Singer/songwriter P. F. Sloan sings the falsetto part usually sung by Dean Torrence, while Dean sings one of the backup parts. This was the first time Sloan sang the falsetto on a single, although he had already sung some falsetto on the last album Dead Man’s Curve/The New Girl In School.

==Chart performance==

| Chart (1964) | Peak position |
|---|---|
| Australia (Kent Music Report) | 5 |
| Canada R.P.M. Top Forty-5s | 1 |
| New Zealand (Lever Hit Parade) | 5 |
| U.S. Billboard Hot 100 | 3 |
| U.S. Cash Box Top 100 | 5 |

==Revised "Tijuana" lyrics==
Jan & Dean reworked the lyrics from "The Little Old Lady (from Pasadena)" in 1967, renaming the track "Tijuana" and releasing it as a single that same year. The lyrics now contained thinly veiled references to marijuana use. "Tijuana" was to be included on the act's final album Carnival of Sound, completed in 1969, but the LP went unreleased for several decades. The record was circulated as a bootleg until it garnered official release in 2010.

==In popular culture==
During the 1960s, the phrase "little old lady from Pasadena" became a popular punchline for many comedians, particularly Johnny Carson, who often invoked it when he took The Tonight Show to Los Angeles before permanently moving it there in 1972.

In "the Gunslinger", the last episode of The Dick Van Dyke Show to be filmed (though it was not the last aired), Rob dreams he is a sheriff in the Old West, where a gun salesman (Allan Melvin) tries to sell him a pistol, telling him "This gun was only fired once -- to kill a little old lady in Pasadena".

The song was one of many California-related songs played throughout "Sunshine Plaza" in the original Disney California Adventure.

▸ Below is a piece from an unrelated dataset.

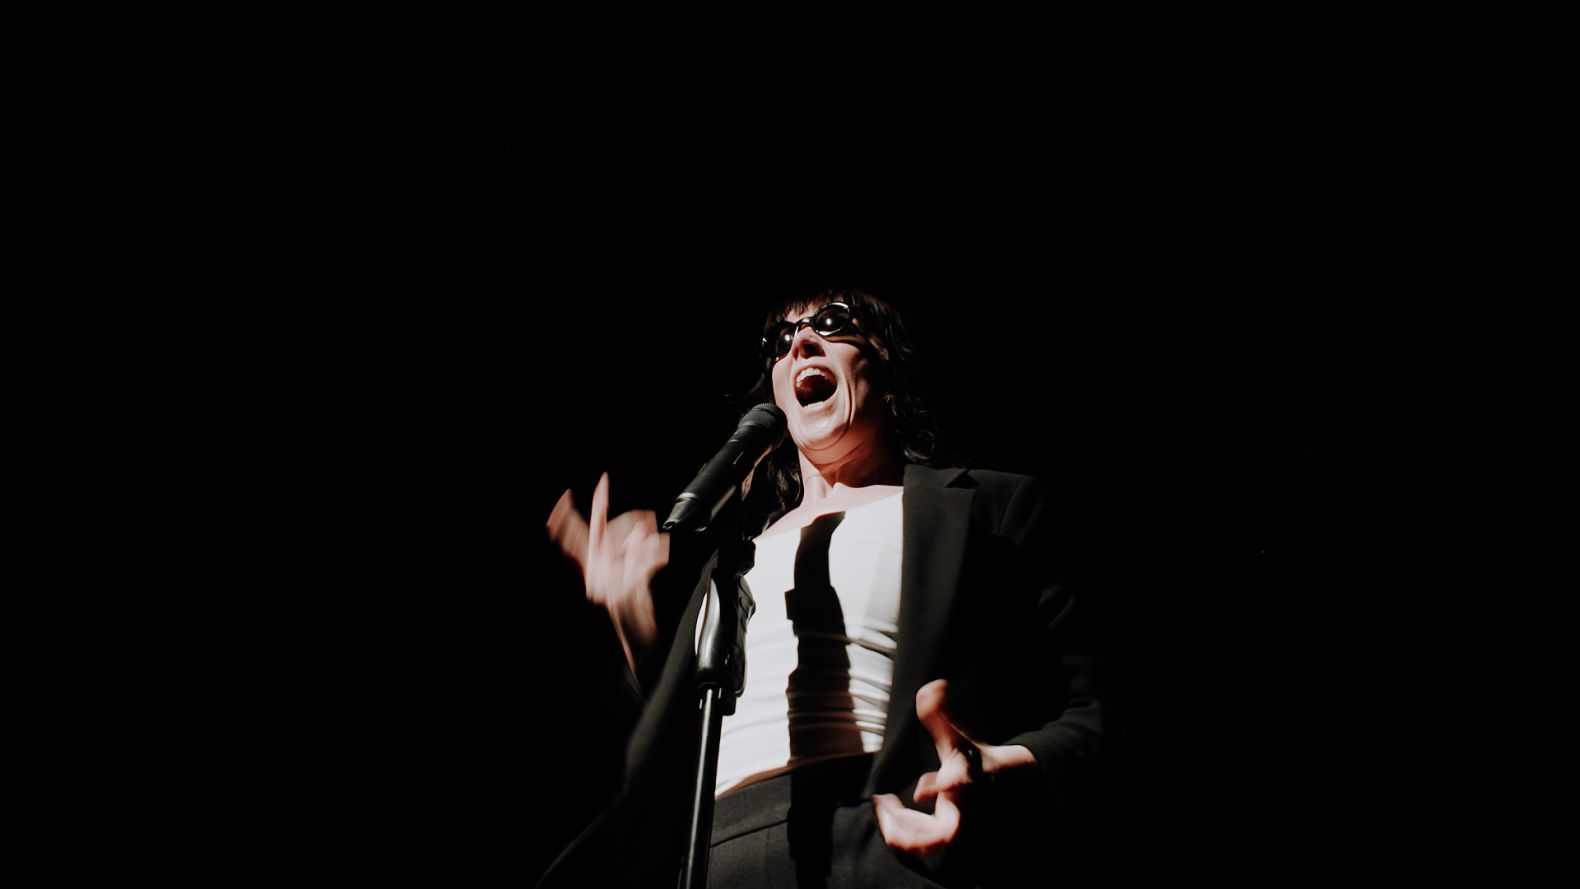 performer in black and white suit screams into microphone wearing sunglasses

The Dead Kennedys satirized the concept in their own song "Buzzbomb from Pasadena," where an elderly driver likewise terrorizes the city with her driving before getting into a shootout with police at a 7-Eleven

The song is featured in the Animaniacs episode "Little Old Slappy from Pasadena", where Slappy Squirrel drives all over town to deliver a letter. The episode ends with her revealing that she never took driving lessons and being arrested.

The song is featured on the 1993 kids' surf-rock CD, "Camp California: Where The Music Never Ends;" it is performed by Kath Soucie, Nancy Cartwright, Jess Harnell, Hal Rayle and Susan Boyd.